He shot me a sideways glance. “You’ve done more than that, and you know it. But those tamales have definitely been appreciated.”
“Good.” After I’d packaged them all up, Connor had taken most of them over to his cousin Marie’s house as his contribution to the Wilcox potluck. Of course he still said he wouldn’t go, that he wouldn’t leave me alone on Christmas Day, even though I’d told him I really didn’t mind. Maybe I did, a little; sitting here alone while he was off at a get-together didn’t sound all that appealing. But I didn’t want to be the reason he avoided going. Truthfully, I sort of wished I could go, too, if only for the anthropological curiosity of seeing a bunch of Wilcoxes in their natural habitat.
Even as I thought this, though, he said, “This all looks too good to let it get cold. So I’ll just say thank you to the universe for everything we have, and leave it at that. Sound like a plan?”
“Sounds like a great plan,” I replied, relieved that he wasn’t going to push things any more on that front.
For a while we were quiet as we ate our salads. After that came the duck carving, which Connor did a decent enough job of. Good thing, because it was a skill I definitely lacked. I just wanted to cook the birds, not have to cut them up afterward.
He took a bite and let out a sigh. “This is incredible. Better than anything I’ve ever had in a restaurant.”
“Thank you,” I said, feeling my cheeks flush. It shouldn’t be that hard to accept a compliment, should it? Especially since I didn’t feel as if I’d done anything that special. Aunt Rachel had done most of the heavy lifting in teaching me how to cook, and after that it was really a matter of following directions more than anything else.
We ate and drank, and again talked of anything except the Wilcox clan and Damon’s plots. The gallery, and how he was preparing to set up a new installation of an artist who worked in bronze and fused glass, and how he was excited about that. That led into my talking a bit more about jewelry making, and how I’d tried working with dichroic glass once but found it very difficult. And so on.

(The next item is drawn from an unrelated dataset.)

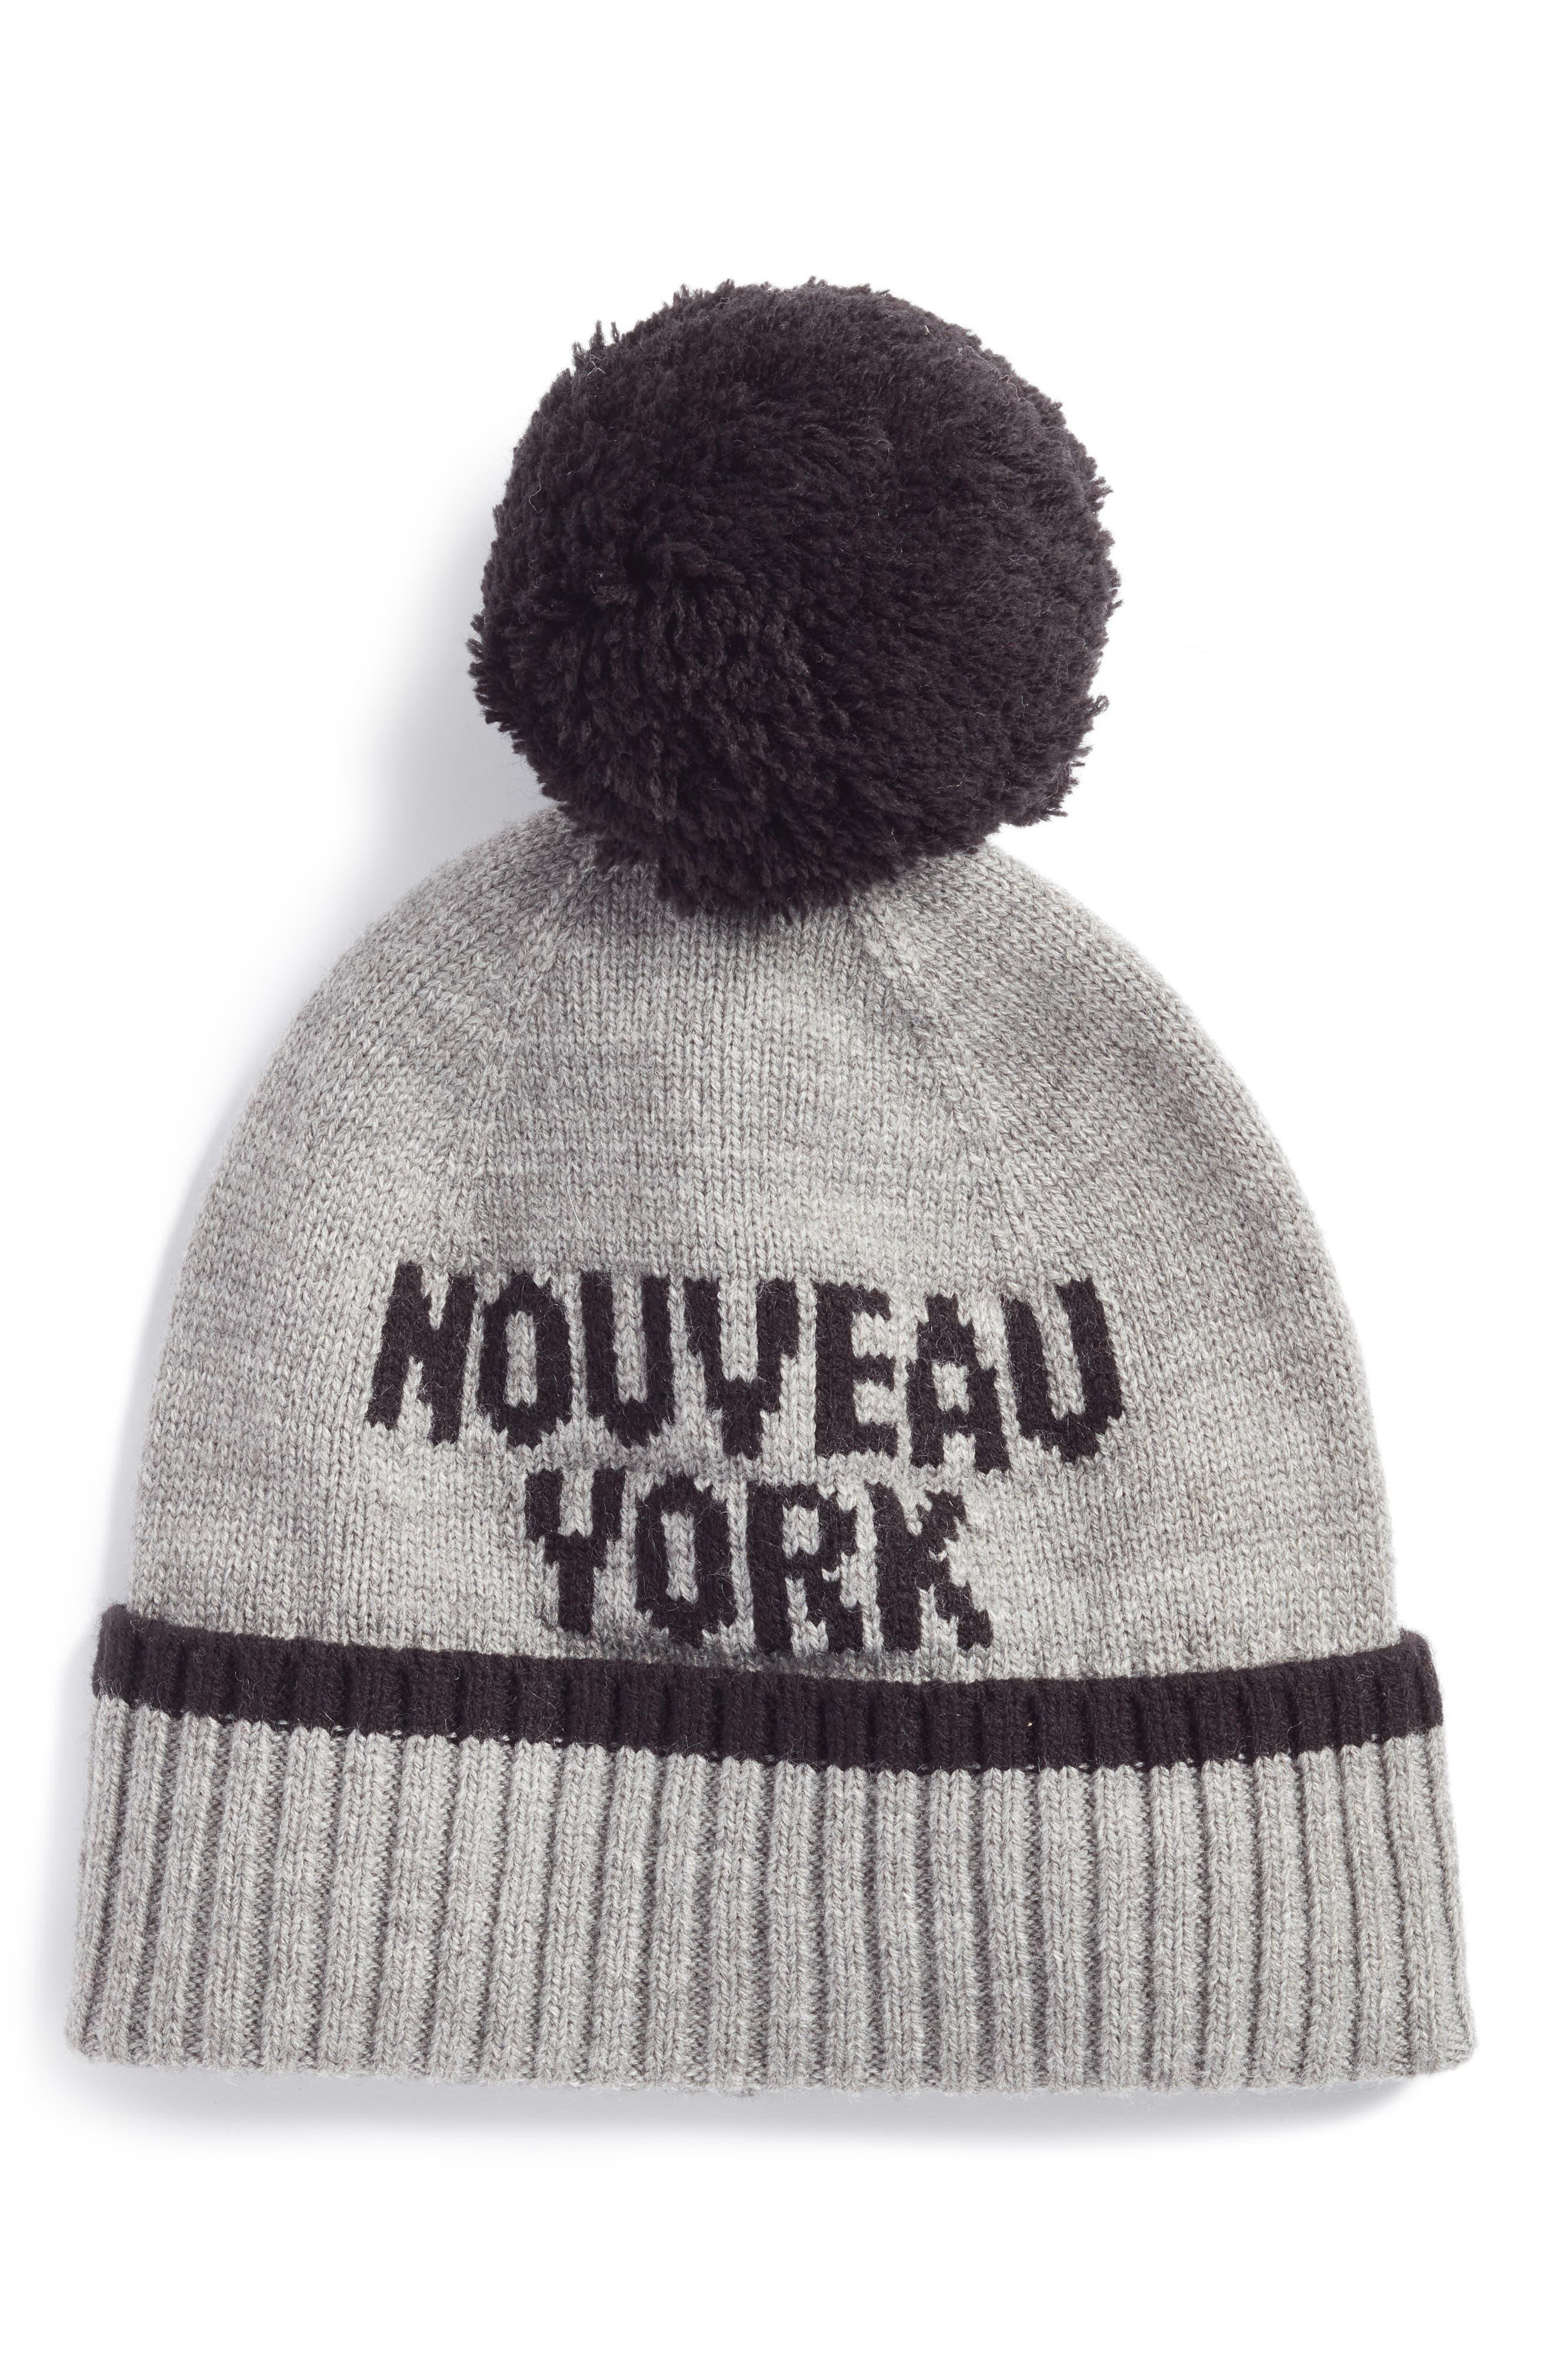 nouveau york pom beanie,                             Main thumbnail 1, color,                             HEATHER GRAY/ BLACK

Through it all, however, I couldn’t help but be conscious of his gaze on me, the way he watched me. Something in that direct green stare made the heat within me flare up again, and I had to fight to keep my hand from shaking as I lifted my fork to my mouth or reached out to grasp the stem of my wine glass.
I want you, that stare said.
And Goddess, how I wanted him. For the first time I had the barest inkling of what it must feel like to be an addict, to have that need ache along every vein, every artery, through every cell in your body until you feel as if you’re going to cramp up forever because of it. But I couldn’t let myself give in to it. I couldn’t betray my family that way.
On the other hand, since Connor was my consort, wouldn’t I be betraying the very forces of fate by trying to ignore the bond between us? There had to be a reason why he was the one…didn’t there?
“Any more?”
I blinked. “What?”
A faint trace of a smile at the corner of his mouth, as if he might have guessed why my thoughts were wandering so much. “I was asking if you wanted any more duck.”
“No, thank you. I’m getting full, and I made cranberry tarts for dessert.”
That trace of a smile turned into a full-fledged grin. “Well, in that case, I think I’ll stop, too. Cranberry tarts? When did you squeeze that in?”
“They’re easier than they look,” I replied, which they were. Quickie cheesecake on graham cracker crusts and topped with a sweeter version of cranberry sauce. Easy peasy.
“I’ll have to take your word for that. As you know, I don’t cook.”
“I kind of got that impression.” This time it was my turn to shoot him a sideways look. “Which makes me wonder why you bothered with all those top-of-the-line appliances.”
He shrugged. “They’re the best.”
I didn’t really have an answer for that. Maybe I shook my head slightly. But since we were done, I just gathered up my plate and Connor’s, and took them into the kitchen, while he picked up the remaining serving pieces and set them down on the counter.
When I reached out to turn on the water to start rinsing off the dishes, though, he said, “Just leave them. I’ll clean up later. It’s the least I can do. Besides, we’ve got a tree waiting for us.”
Fine by me. Cleaning up afterward was always my least favorite part of cooking. I followed him into the living room, where he went back to the box of ornaments and started pulling out smaller boxes filled with beautiful decorated glass balls and what looked like icicles of hand-blown glass, and so many other things — drops of mirror and brass, jingling bells in red and green and gold, strands of tinsel. Everything looked almost brand-new, and carefully chosen to coordinate well.